Over the years a number of potential whistle‐blowers have asked me for advice. I have seen how they were mistreated and how some resorted to libel actions to clear their names and obtain some financial compensation. However, it is clear to me that the process is often detrimental to the public interest. Because of confidentiality agreements endorsed by the High Court, I cannot name those involved for fear of being in contempt of court. However, I know that some things concealed by the agreements include criminal and unethical acts by doctors, including an assault on a patient, falsification of medical records and fraudulent publication.
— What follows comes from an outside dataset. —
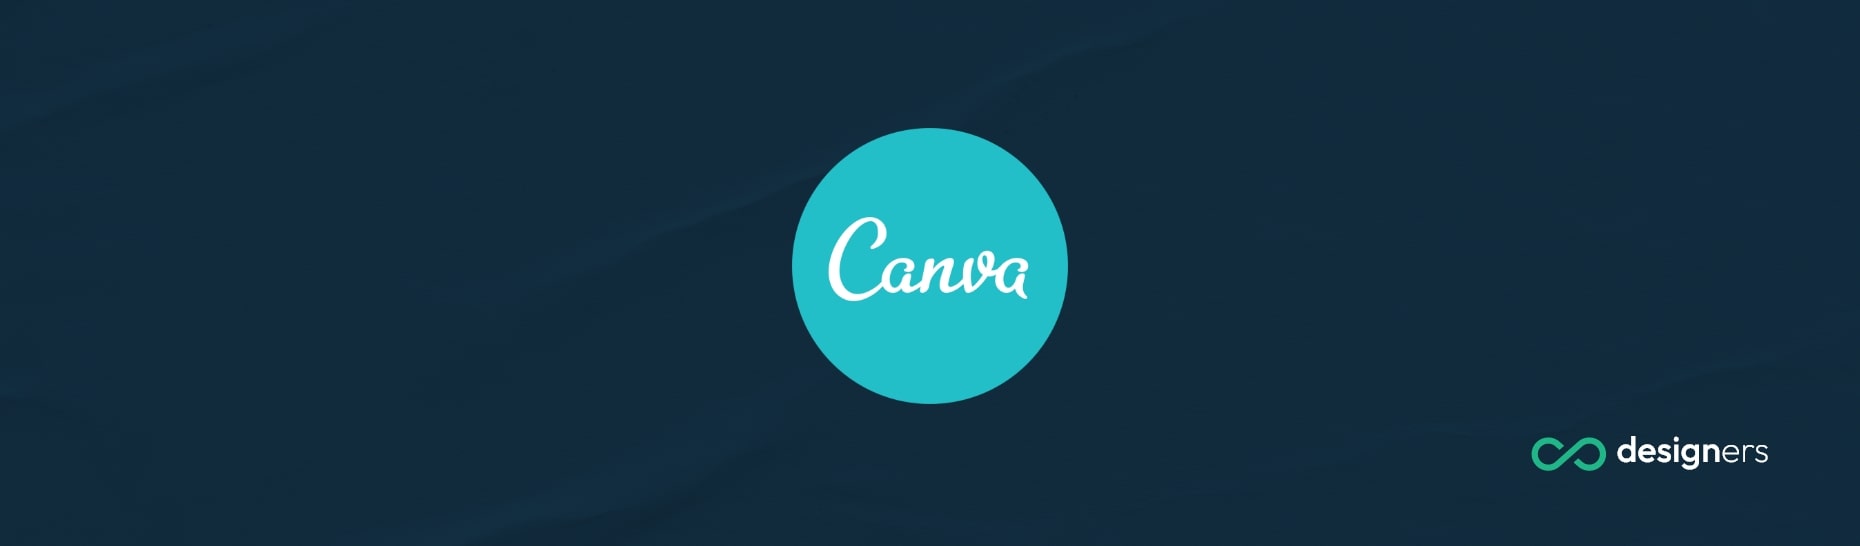 What Size Is a Canva Infographic?

I have seen documents that clearly show these occurred. In the case of fraudulent publication the editors of the journal have also seen the documents, but the order of the High Court means that this cannot be made public.
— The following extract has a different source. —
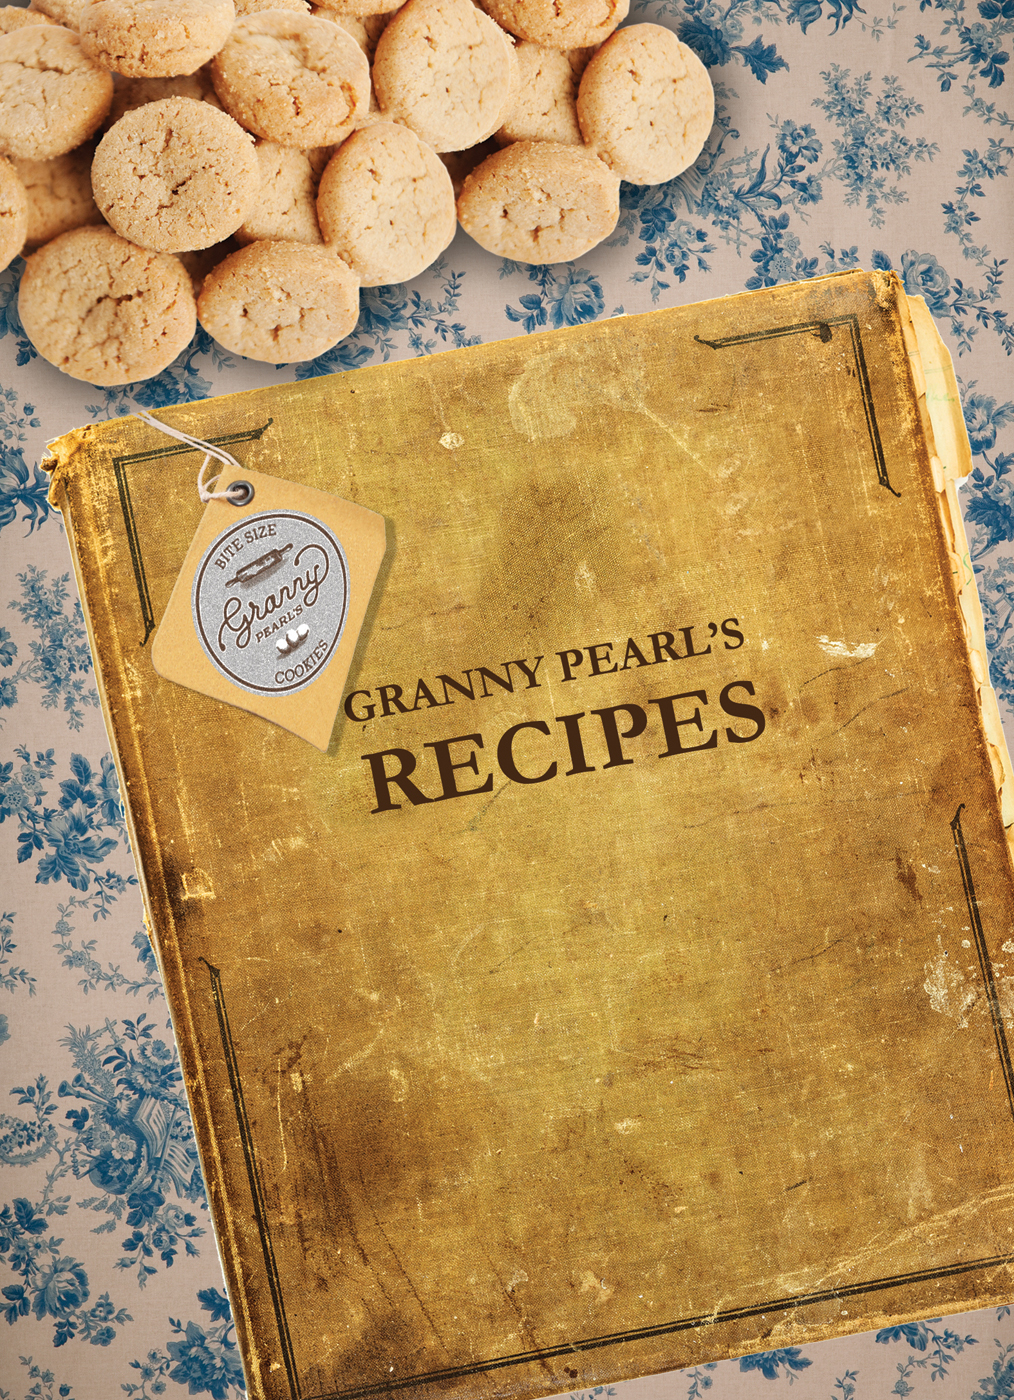 Cookies are made using Granny’s favorite recipes that are over 60 years old.

The confidentiality agreements sanctioned by the High Court also allowed concealment of the methods used by organizations in cover‐up of misconduct, which in some cases includes the cost of inappropriate litigation. For example, one health authority (that I am forbidden to name) spent £2.5 million on legal fees alone in attempts to silence a whistle‐blower and that cost does not include the money paid to the whistle‐blower in the settlement or the cost of time spent over a number of years by the officials of the health authority in dealing with the matter. What concerns me most is that the settlement between health authority and whistle‐blower, which was sanctioned by the High Court, amounted to an agreement to keep secret illegal activity by a senior doctor. To the best of my knowledge, because of my involvement in helping the whistle‐blower, I am obliged by the agreement and order of the High Court to also keep the identity of those involved secret or face a charge of contempt of court.
It is clear to me that the English libel laws can be and are used to conceal serious misconduct in medicine and research.